Our Fascist Idiocracy: June 2, 2025

Today’s letters are P, D and B!

Maybe Sesame Street could help? Oh, wait. Donald Trump has been briefed on national security issues just 14 times since he took office. The normal number by now should be around 60 briefings. It shouldn’t even have to be said but when presidents are up to date on world events, bad things can happen. Months before the 9/11 attacks, George W. Bush, our second stupidest president, dismissed a PDB on Bin Laden months by telling his advisor, “All right. You’ve covered your ass.” To counter Trump’s boredom with these critical issues, National Security Advisor Tulsi Gabbard has come up with a unique idea. She wants to produce the PBD to resemble a Fox News segment. Sesame Street would be an even better way to keep the babyman’s attention. Too bad he canceled PBS.

Elon’s Ketamine bladder.

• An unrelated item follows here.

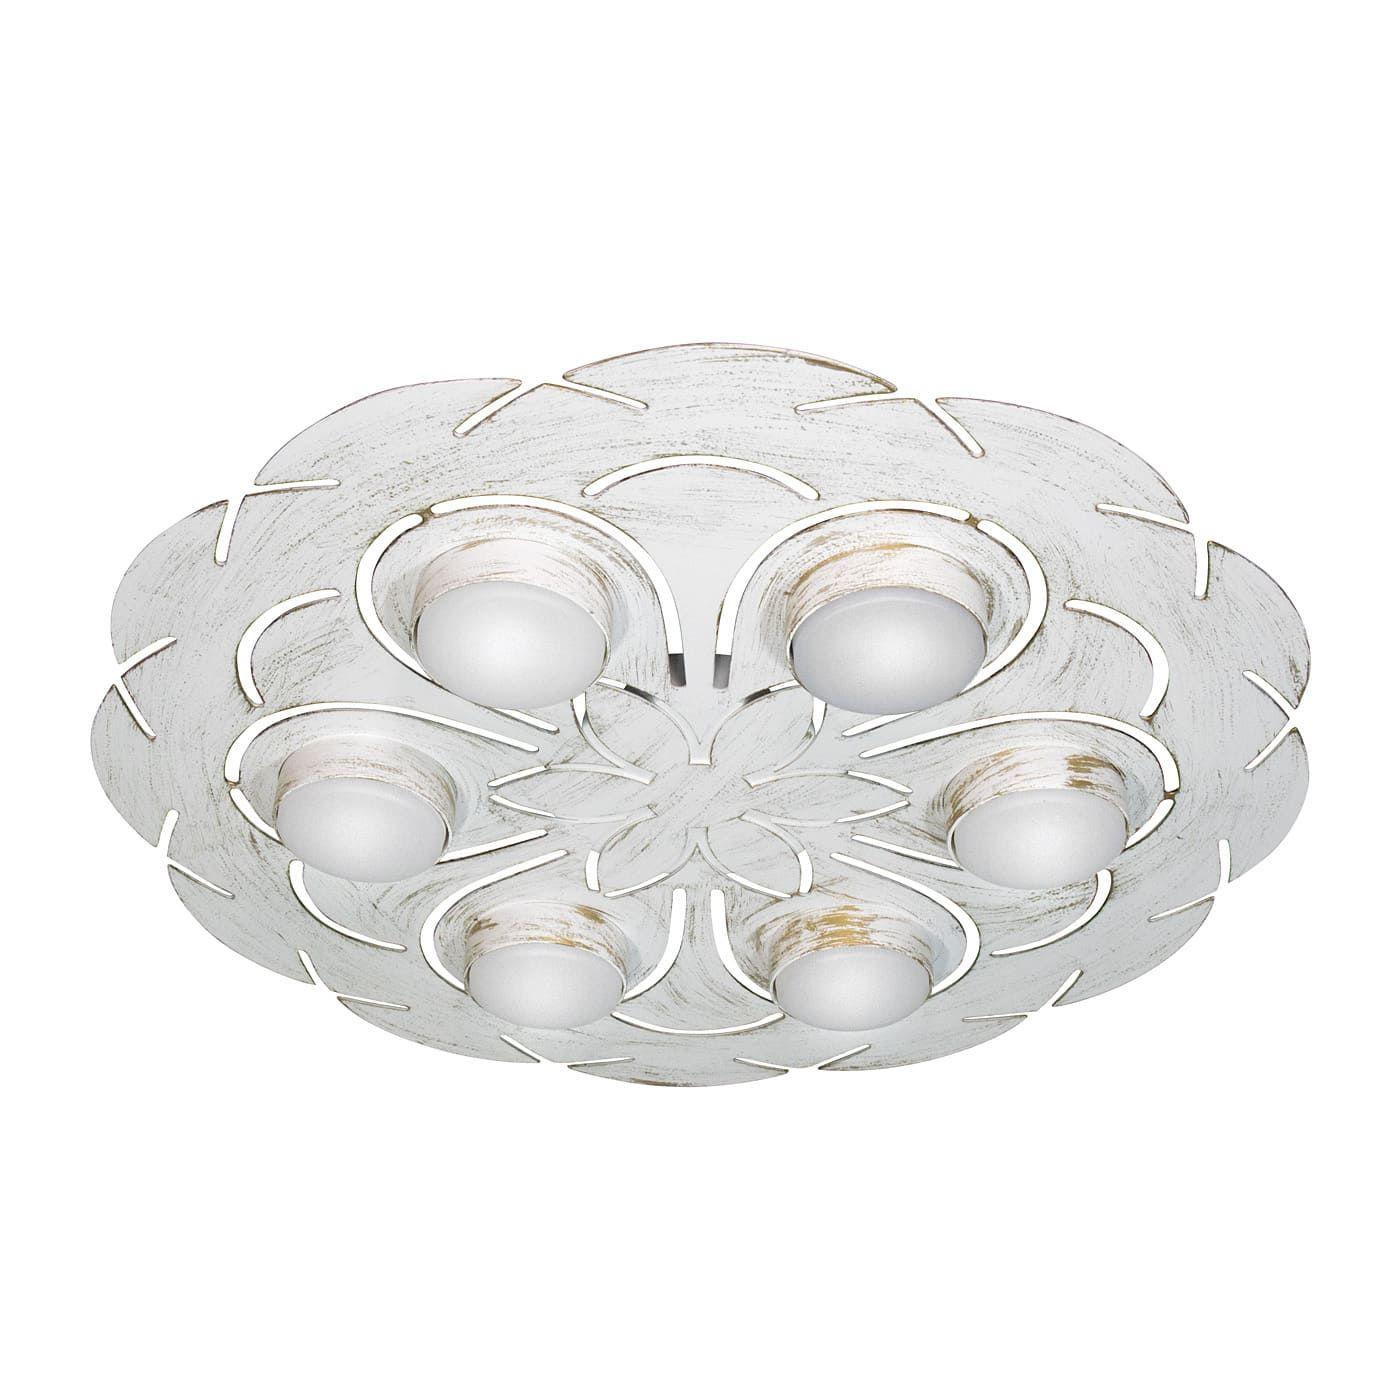 PETRASVET / Ceiling chandelier S2377-6, 6xGX53

The New York Times and other sources have reported that during his time as co-president of the United States, Elon Musk’s Ketamine abuse was so excessive that it damaged his bladder. This has led to speculation that as a result the world’s richest man often peed in his pants. Excessive recreational use of the anesthetic drug causes Ketamine Bladder Syndrome. The number one symptom of KBS is not excessive urination. According to urologists, the symptoms are:

  • Pain on passing urine
  • Blood in urine
  • Incontinence (having accidents)
  • Needing to go to the toilet more frequently
  • Feeling a sense of urgency to pass urine (even when it hasn’t been long since you last went)
  • Needing to get up in the night to pass urine
  • Pain in the lower abdomen and pelvis area

Pharmacy benefit managers. Writing in Salon.com, former Vermont Gov. Howard Dean, a physician, suggests that Democrats should dismantle a ‘legal’ drug cartel: corporate pharmacy benefit managers.

These middlemen in the drug supply chain don’t discover new medicines. They don’t manufacture them. They don’t even physically dispense most prescriptions. Yet they rake in tens of billions of dollars each year by driving up costs for everyone else — especially patients battling cancer, HIV, heart disease, and autoimmune conditions.

In their report, FTC investigators documented how the PBM industry — which is dominated by just three firms, CVS Caremark, Express Scripts, and OptumRx, that collectively oversee roughly 80% of all prescriptions dispensed nationwide — imposed eye-popping markups on generic drugs used to treat deadly diseases. The PBMs’ affiliated pharmacies charged hundreds — even thousands — of percent more than they paid to acquire drugs like the cancer treatment Gleevec and multiple sclerosis medication Ampyra.

Underpinning this is a universal misunderstanding about our approach to healthcare. U.S. healthcare delivery is not a “system.” It’s a legalized criminal racket. Private health insurance corporations, like pharmacy benefit managers, provide no service to patients or their providers. They are nothing more than paywalls that suck up working- and middle-class income to benefit billion-dollar corporations’ bottom lines. It’s a sickness at the heart of U.S. healthcare.